==== MATERIAL PROVIDED

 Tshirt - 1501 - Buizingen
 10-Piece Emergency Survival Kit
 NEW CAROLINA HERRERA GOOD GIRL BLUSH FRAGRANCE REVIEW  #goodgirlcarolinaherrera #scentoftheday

========

• **PROBLEM STATEMENT**: Retype the whole listing exactly.

• **OUTPUT**:
 Tshirt - 1501 - Buizingen
 10-Piece Emergency Survival Kit
 NEW CAROLINA HERRERA GOOD GIRL BLUSH FRAGRANCE REVIEW  #goodgirlcarolinaherrera #scentoftheday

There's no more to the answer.